The CRTC took this action in response to the amended report submitted by Bell on 31 Jul 2012 which in effect scrubbed the previous announced implementation schedules and combined the implementation period for about 100 localities to a single date of 31 Aug 2014. This report was also the incentive for my letter to the CRTC in August 2012.

The CRTC expressed concern that, based on the information available, there is a risk that the rollout will not be completed by the end of the rollout period in August 2014.
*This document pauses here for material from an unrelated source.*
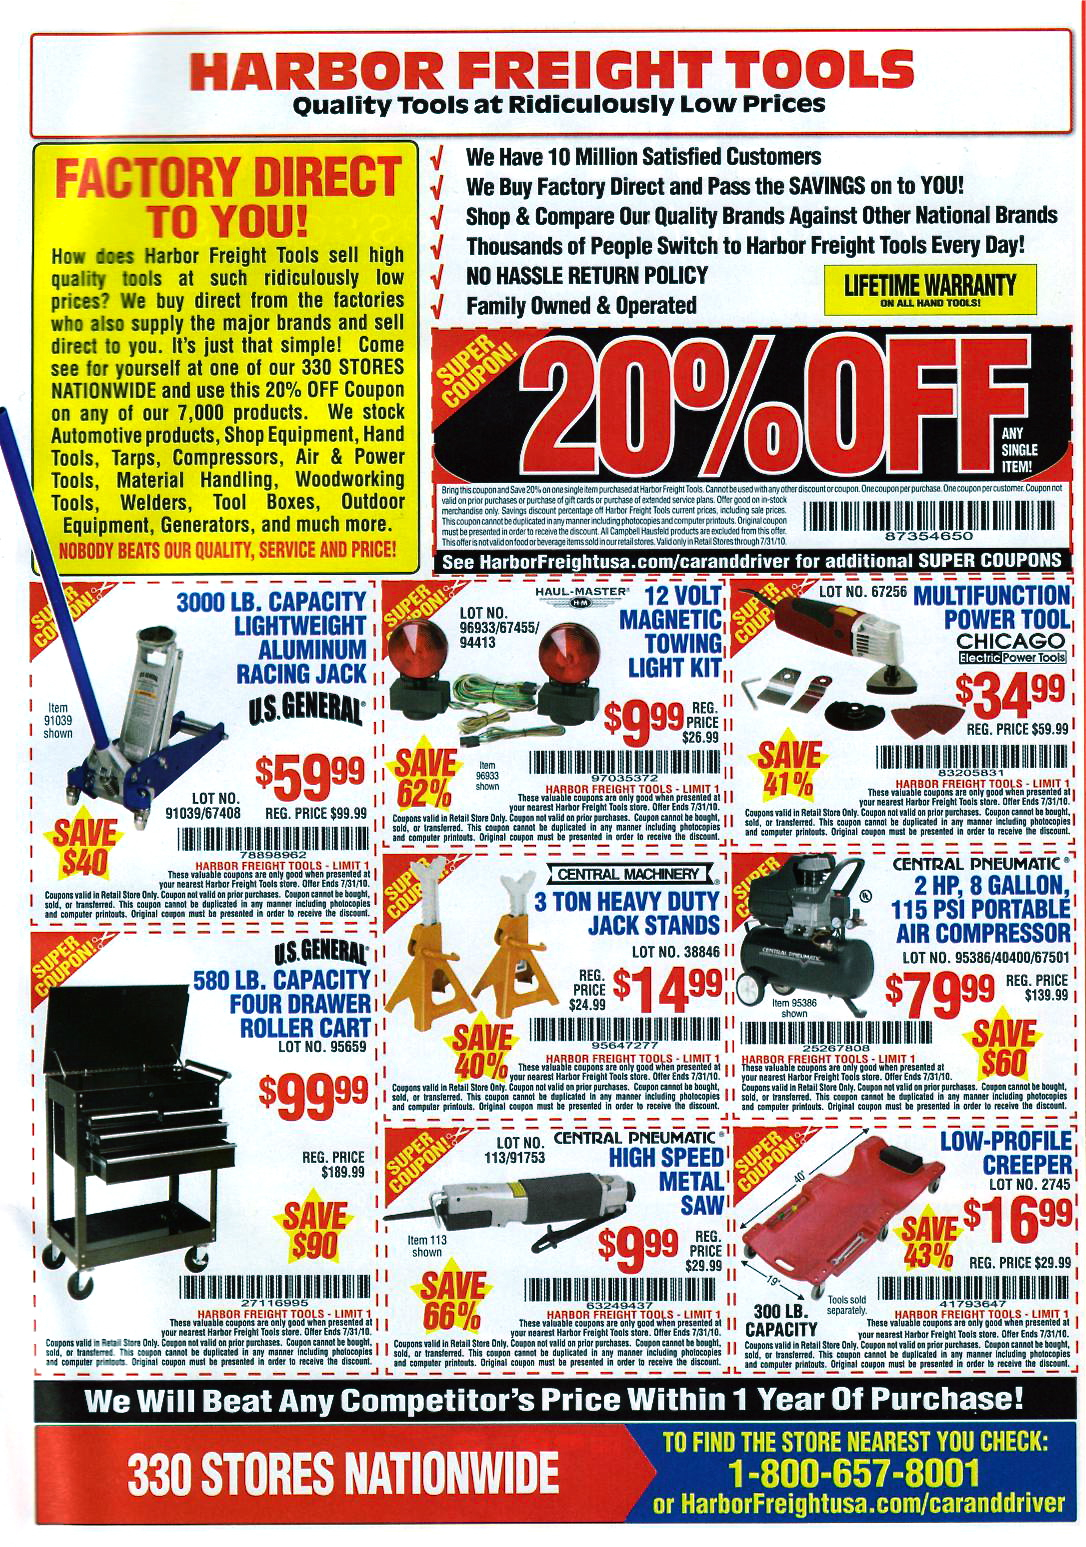 Harbor Freight Coupon Deals from Car and Driver Magazine — DO IT

The letter identifies specific information that must be included in the quarterly reports:

a. A summary of the progress of the rollout;

b. The status of IS/IT system development to support the retail wireless broadband system, including the expected completion date;

c. The status of wireline transport backbone construction, including

i. communities completed with completion date,
ii. communities started with expected completion date, and
ii. communities not started with expected start and completion dates;

d. The status of wireless access construction by community, including the number of

i. towers required,
ii. towers existing or completed,
iii. additional towers with expected start and completion dates, and
iv. towers where electronic augmentation has been completed;

e. The service ready date, achieved or planned, by community.

The quarterly reports are also to include the following:

a. A description of any significant changes to the previous report and reasons for those changes;

b. Information about any delays in radio frequency testing and electronics implementation;

c. A list of communities where negotiations have begun for placement of cell towers for wireless broadband service and the status of such negotiations;

d. A summary of the results of any testing of customers’ wireless broadband service, including effects on the rollout schedule and lessons learned; and

e. The steps the Bell companies are taking to avoid excessive delays due to any of the above.

How much of this information will be made public or how much Bell will claim is competitive or proprietary information and therefore confidential, remains to be seen.

It is unfortunate that the CRTC choose not to issue a directive to Bell to accelerate the roll-out.

It could be a good test of the new CRTC regime’s stated aim to be friendlier to consumers.